La agregación eritrocitaria afecta la microcirculación y su estudio es importante en las vasculopatías. Se comunicó que Ascaris lumbricoides puede capturar ácido siálico (AS) del eritrocito y alterar la carga aniónica del glóbulo. El objetivo de este trabajo fue estudiar la captación de AS por larvas de A. lumbricoides incubadas in vivo con eritrocitos. Se trabajó con un concentrado de larvas ([CLAL]) incubado en 4 tubos con buffer fosfato y antibióticos. En dos se agregaron eritrocitos Grupo O. Los restantes fueron controles. Se incubaron a 37 °C (5% CO2) durante 24 y 48 horas. Las larvas fueron separadas, recolectadas, concentradas y contadas microscópicamente (larvas/mL [CLAL]1 1500-1700; [CLAL]3 1600-1800; [CLAL]2 y 4 200400). Se utilizaron las técnicas de Inhibición de la Agregación por Polibrene (IAP) y Alcian Blue (AB). La IAP mostró una diferencia significativa entre los Títulos de Polibrene diluido en solución fisiológica y en [CLAL]1 y 2 que fueron incubados con eritrocitos 24 y 48 horas respectivamente. No hubo variación en el Título de los Controles correspondientes ([CLAL]3 y [CLAL]4). AB realizada en [CLAL]1 y [CLAL]3, determinó CASCap%= 6,65% ± 0,36 y CAS[CLAL]3% = 0,67% ± 0,36. La experiencia demostró la captación de AS por las larvas incubadas in vivo con eritrocitos y sugirió que ellas no presentan AS intrínseco. El secuestro de AS durante la migración larvaria podría ser importante en la interacción parásito-hospedador.

ABSTRACT

Erythrocyte aggregation affects microcirculation and its study is important in vascular diseases.
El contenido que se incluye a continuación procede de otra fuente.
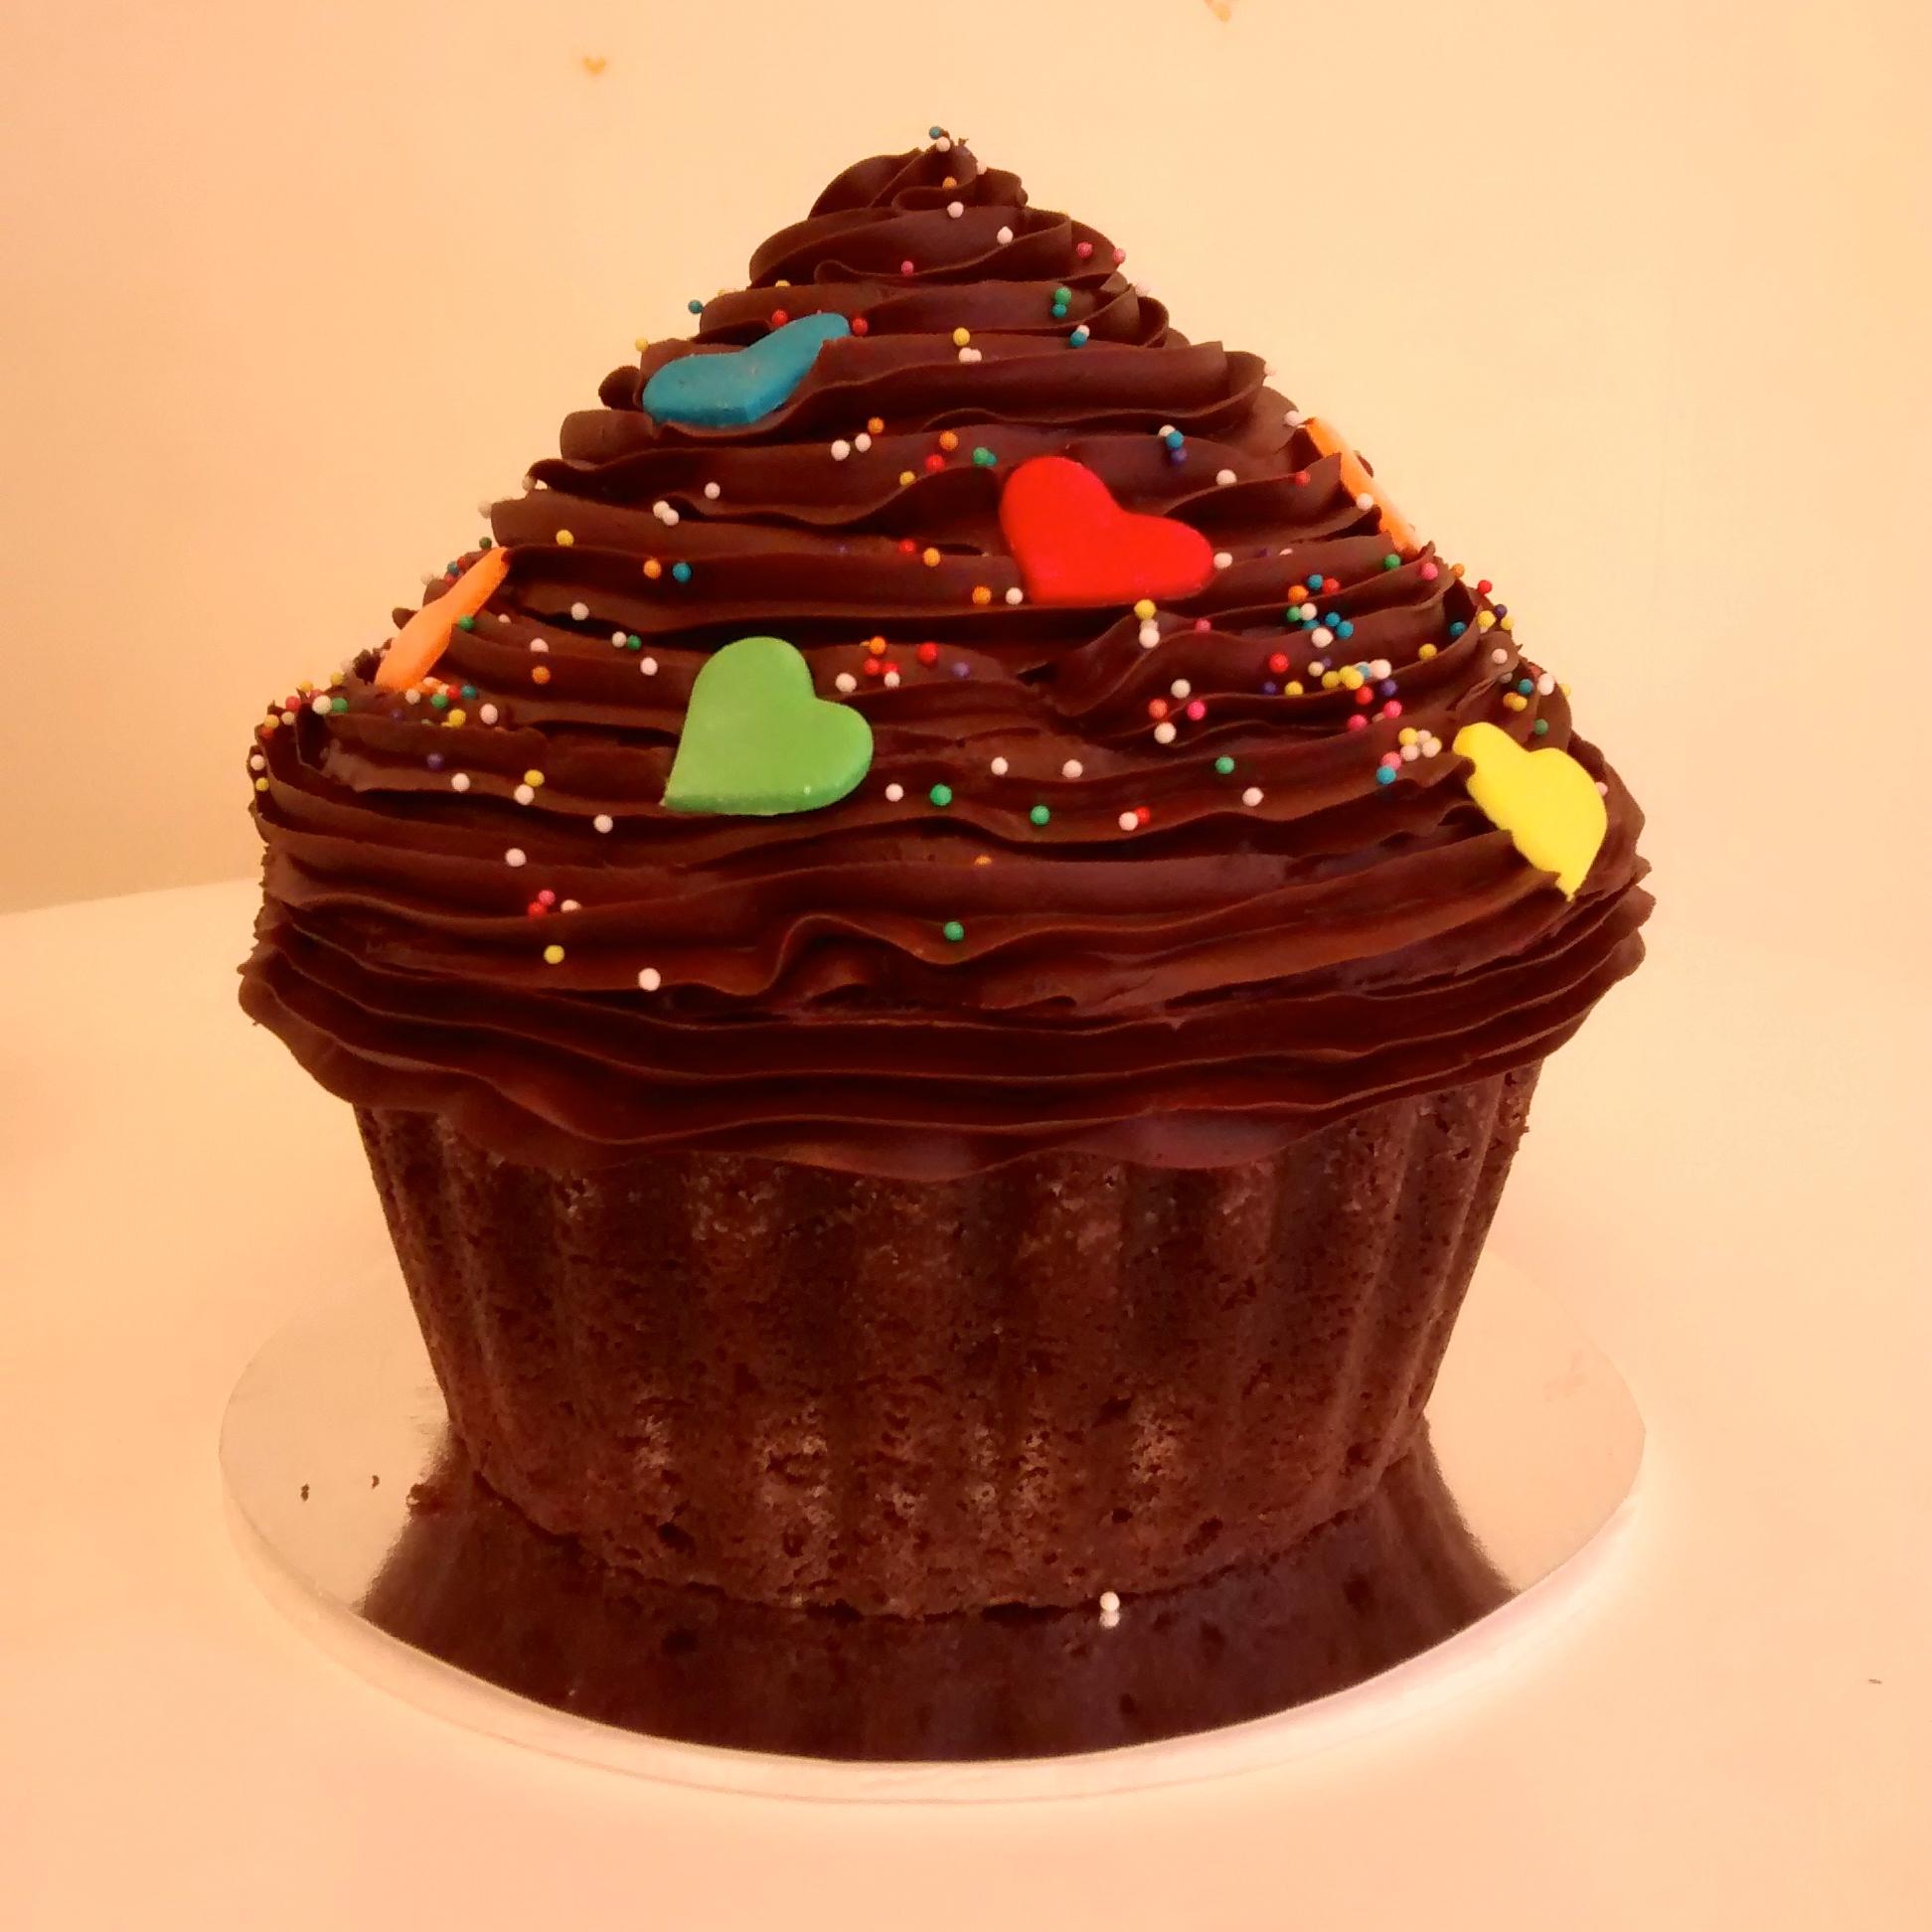 bolo cupcake 4.jpg

It was communicated that Ascaris lumbricoides can capture erythrocyte sialic acid (SA) and alter the anionic charge on the red cell. The aim of this work was to study SA capture by A. lumbricoides larvae incubated in vivo with erythrocytes. Work was performed with concentrated larvae ([ALLC]) incubated in 4 tubes with phosphate buffer and antibiotics. Group O erythrocytes were added in two Tubes. The remaining were Controls. They were incubated at 37 °C (5% CO2) for 24 and 28 hours. The larvae were separated, collected, concentrated and counted microscopically (larvae/mL [ALLC]11500-1700; [ALLC]3 1600-1800; [ALLC]2 and 4 200- 400). Aggregation Inhibition by Polybrene (AIP) and Blue Alcian (BA) techniques were used. AIP showed a significant difference between Polybrene Titers diluted with physiological solution and with [ALLC]1 and 2, which were incubated with erythrocytes 24 and 48 hours respectively. There was no change in the Title of the corresponding Controls. BA performed in [ALLC]1 and [ALLC]3 determined CapSAC = 6.65% ± 0.36 and SAC[CLAL]3 %= 0.67% ± 0.36. The experience showed SA capture by larvae incubated in vivo with erythrocytes and it suggested that they have no intrinsic SA. SA kidnapping during the larval migration could be important in parasite-host interaction.

RESUMO

A agregação eritrocitária afeta a microcirculação e seu estudo é Importante nas vasculopatias. Foi comunicado que o Ascaris lumbricoides pode capturar ácido siálico (AS) do eritrocito e alterar a carga aniônica do glóbulo. O objetivo deste trabalho foi estudar a captação de AS por vermes de A. lumbricoides incubados in vivo com eritrocitos. Trabalhouse com uma concentração de larvas ([CLAL]) incubada em 4 tubos com buffer fosfato e antibióticos. Em dois foram agregados eritrocitos Grupo O. Os restantes foram controles. Foram incubados a 37 °C (5% CO2) durante 24 e 48 horas. As larvas foram separadas, coletadas, concentradas e contadas microscopicamente (larvas/mL [CLAL]1 1500-1700; [CLAL]3 1600-1800; [CLAL]2 e 4 200-400). As técnicas utilizadas foram de Inibição da Agregação por Polybrene (IAP) e Alcian Blue (AB). A IAP mostrou uma diferenga significativa entre os Títulos de Polybrene diluido em solução fisiológica e em [CLAL]1 e 2 que foram incubados com eritrocitos 24 e 48 horas respectivamente. Näo houve variação no Título dos Controles correspondentes ([CLAL]3 e [CLAL]4). AB realizada em [CLAL]1 e [CLAL]3, determinou CASCap%= 6,65% ± 0,36 e CAS[CLAL]3% = 0,67% ± 0,36. A experiencia demons-trou a captação de AS pelos vermes incubados in vivo com eritrócitos e sugeriu que eles näo apresentam AS intrínseco. O sequestro de AS durante a migração de larvas poderia ser importante na interação parasita-hospedeiro.